* _TASK REQUIREMENTS_: Word for word, restate the lines from the one holding "Portable Yoga Pilates" through the last line of the material below, and leave every picture out.

* _GIVEN DATA_:
######
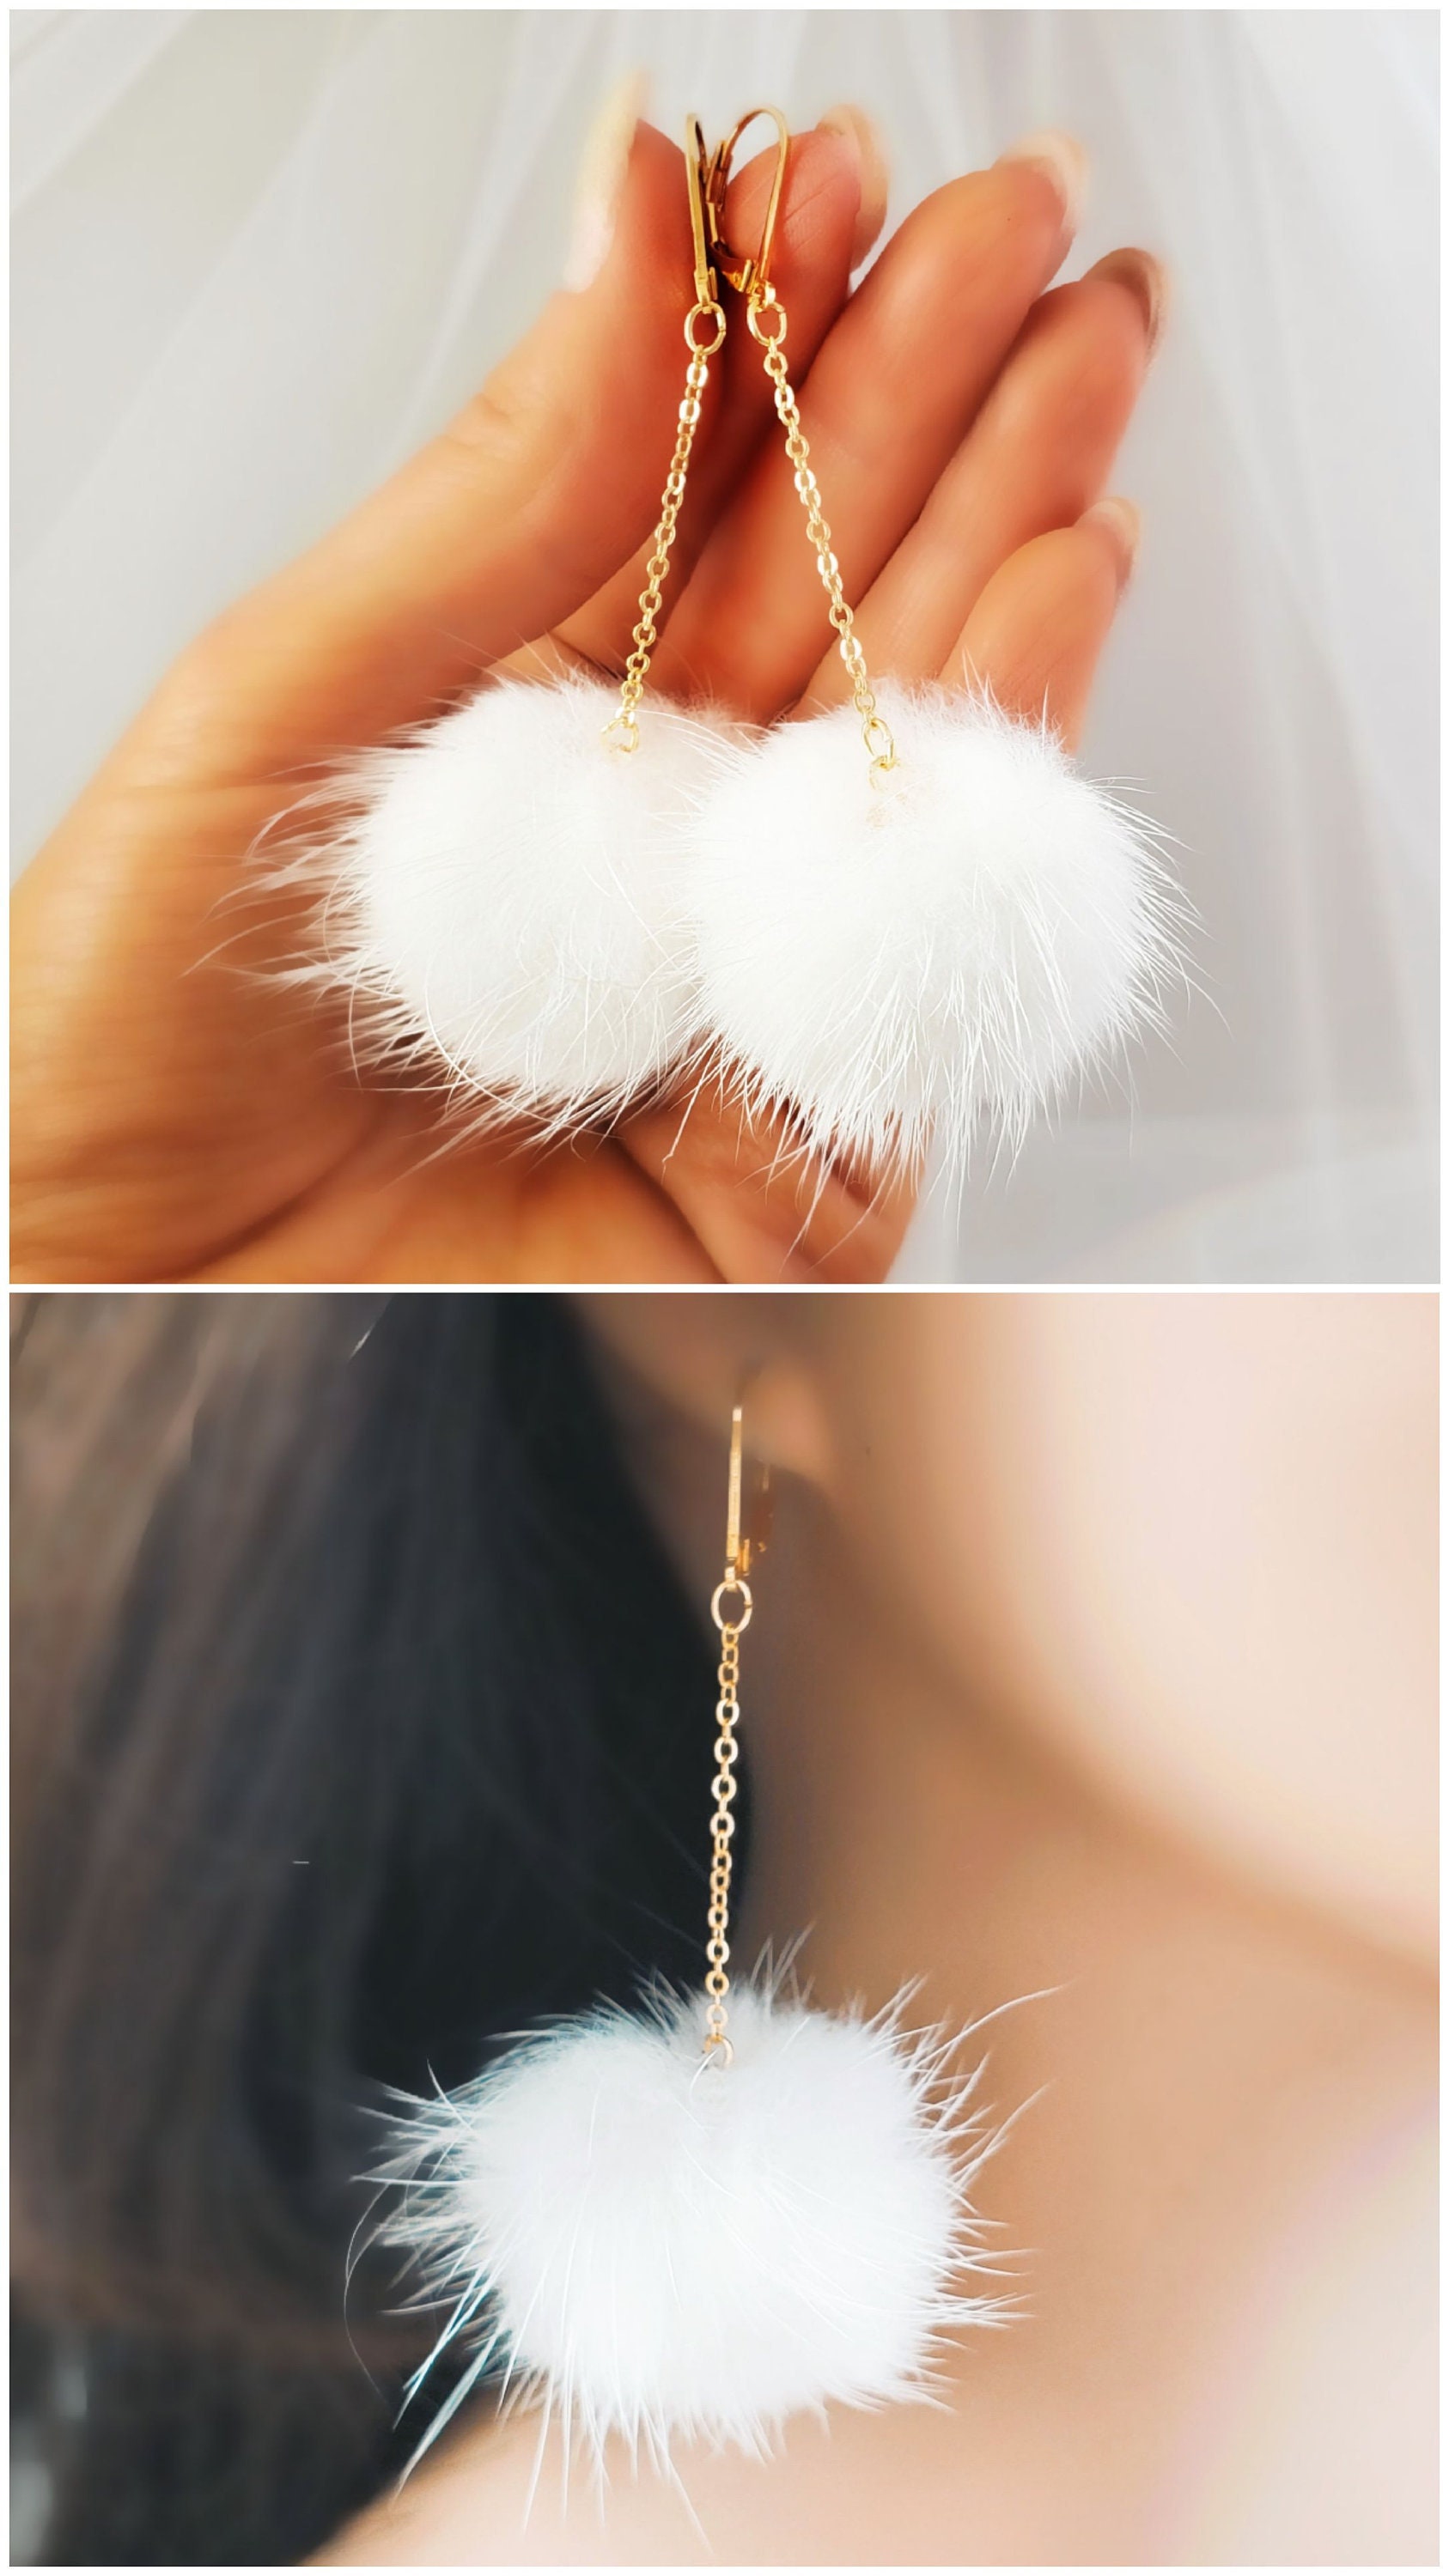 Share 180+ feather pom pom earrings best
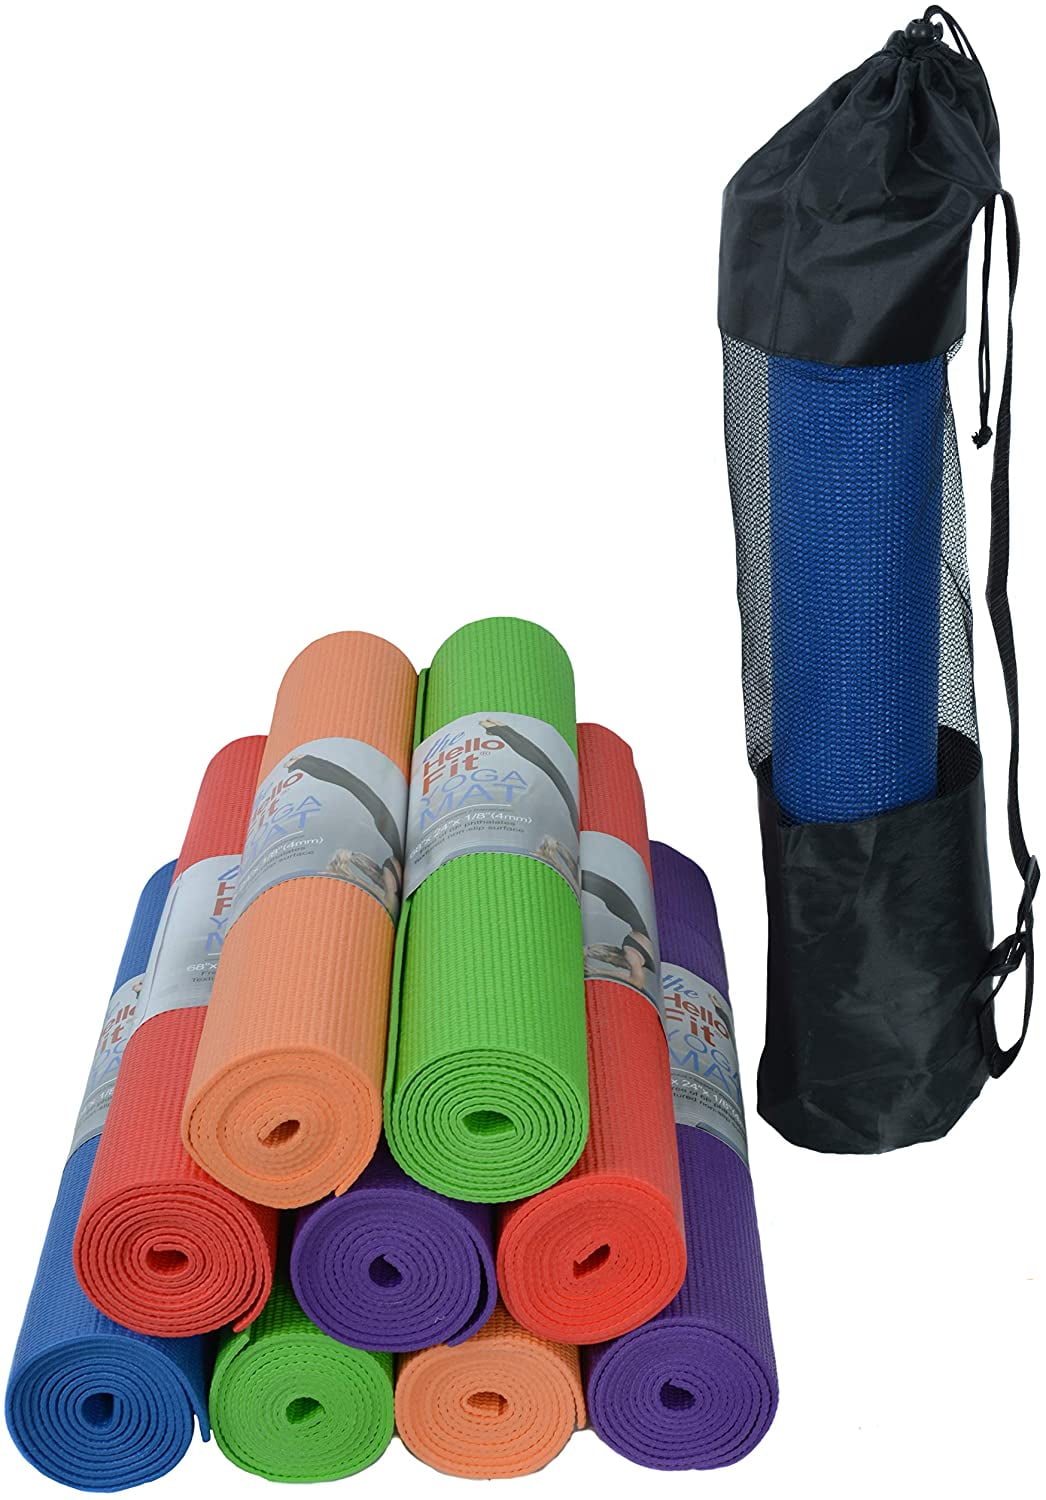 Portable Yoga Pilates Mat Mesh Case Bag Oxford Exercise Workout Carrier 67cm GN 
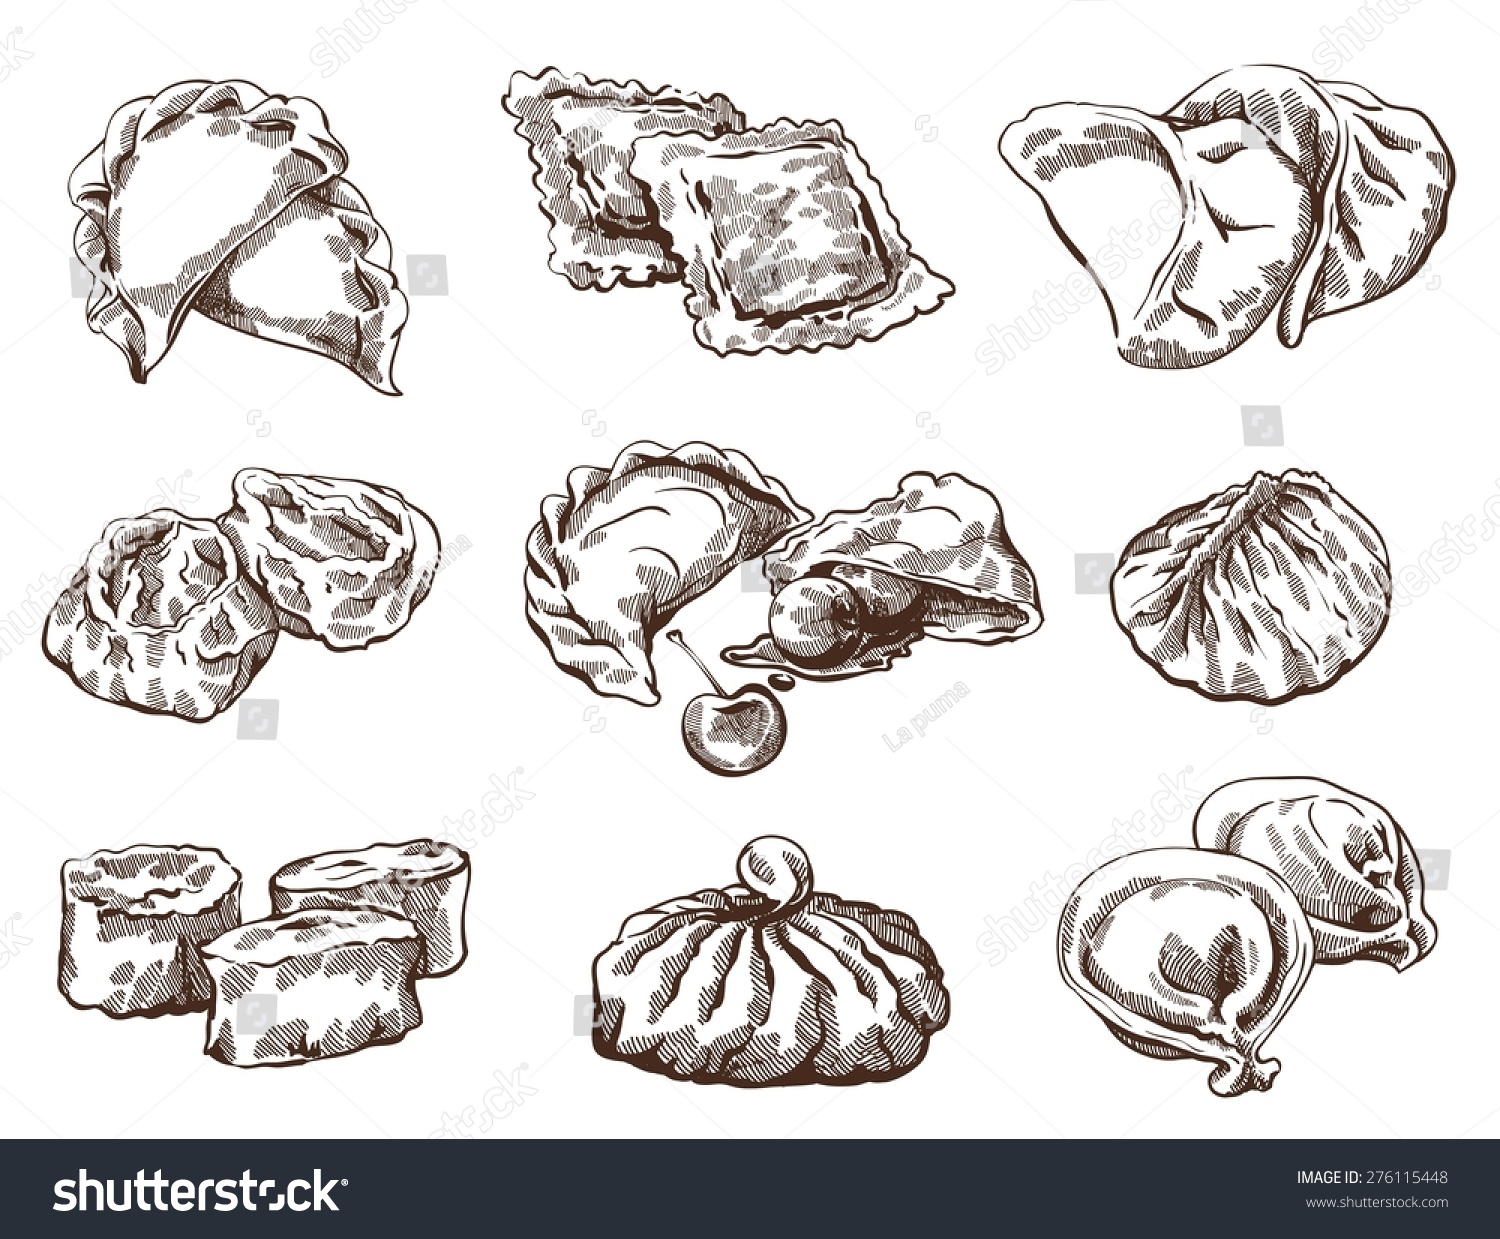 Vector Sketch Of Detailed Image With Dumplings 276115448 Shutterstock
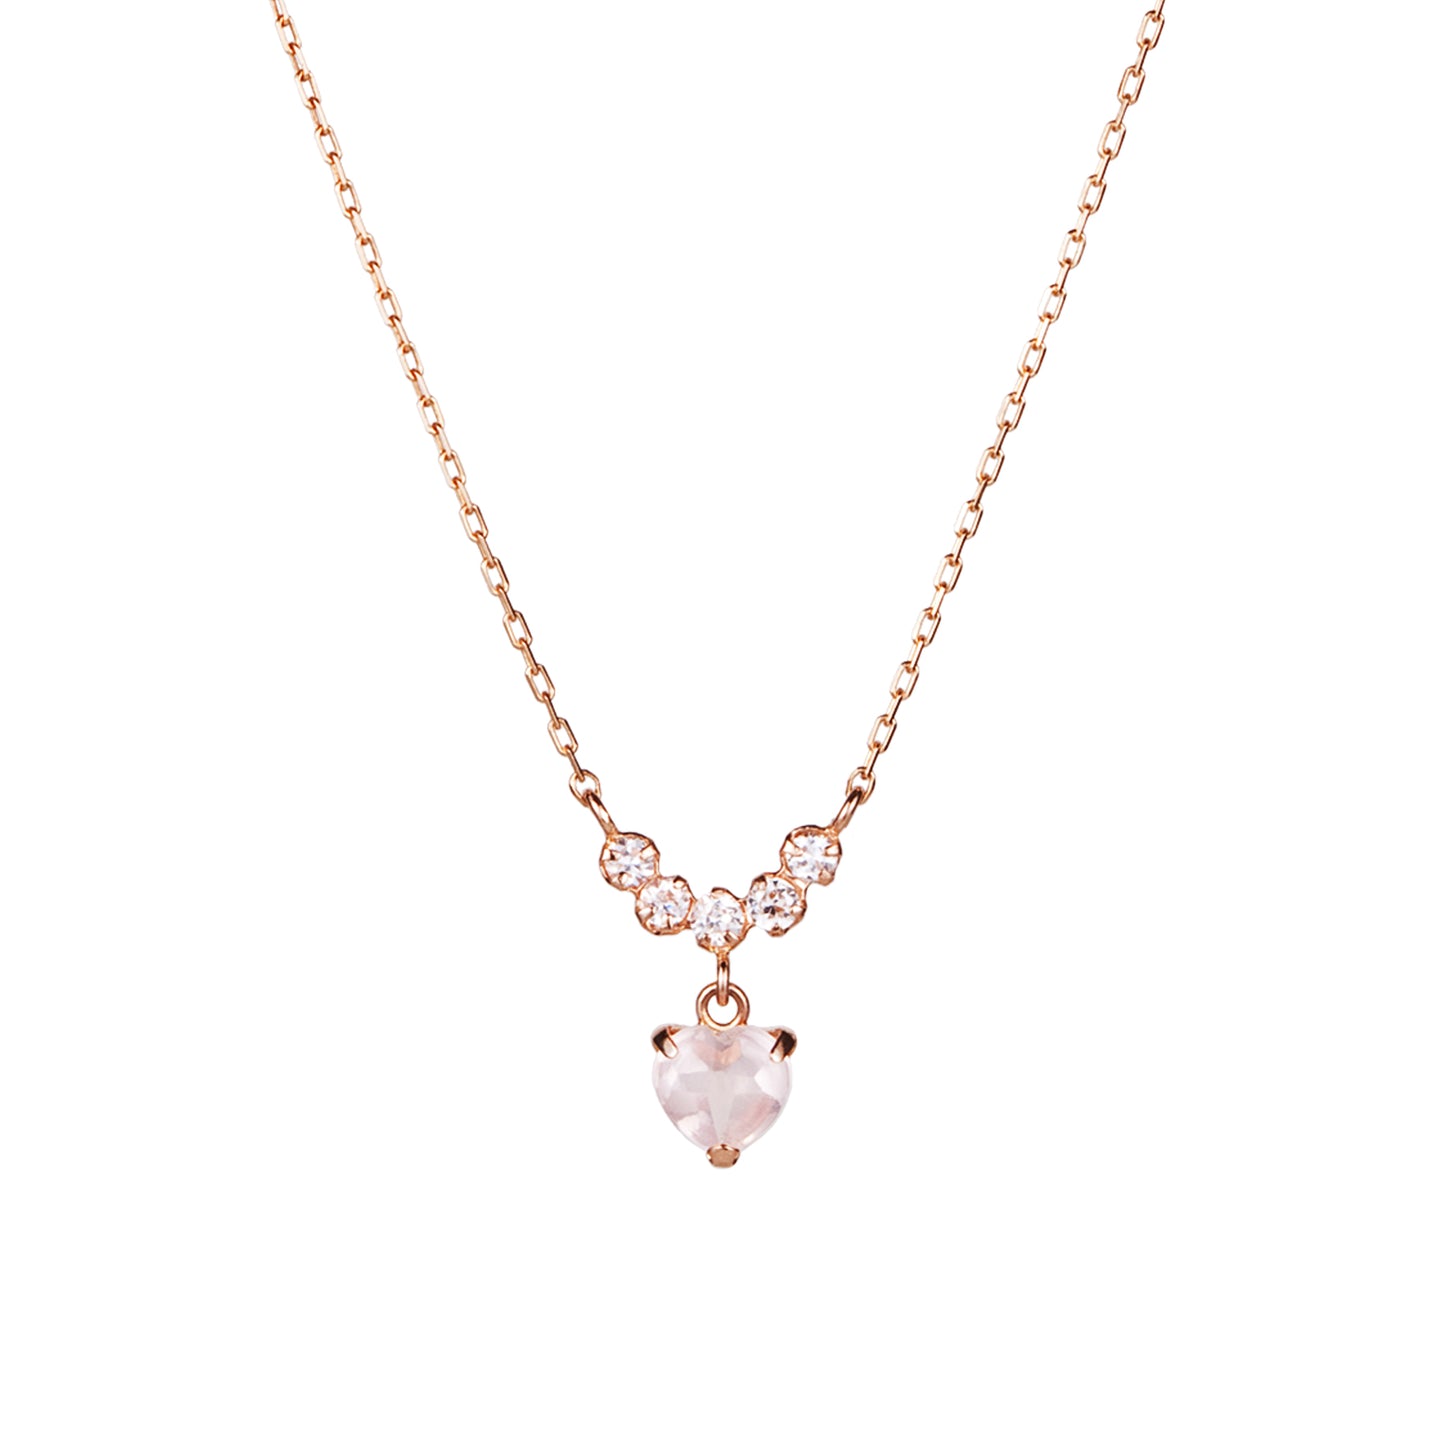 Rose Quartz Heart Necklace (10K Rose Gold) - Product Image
######
* _RESULT OF THE TASK_:
 Portable Yoga Pilates Mat Mesh Case Bag Oxford Exercise Workout Carrier 67cm GN 
 Vector Sketch Of Detailed Image With Dumplings 276115448 Shutterstock
 Rose Quartz Heart Necklace (10K Rose Gold) - Product Image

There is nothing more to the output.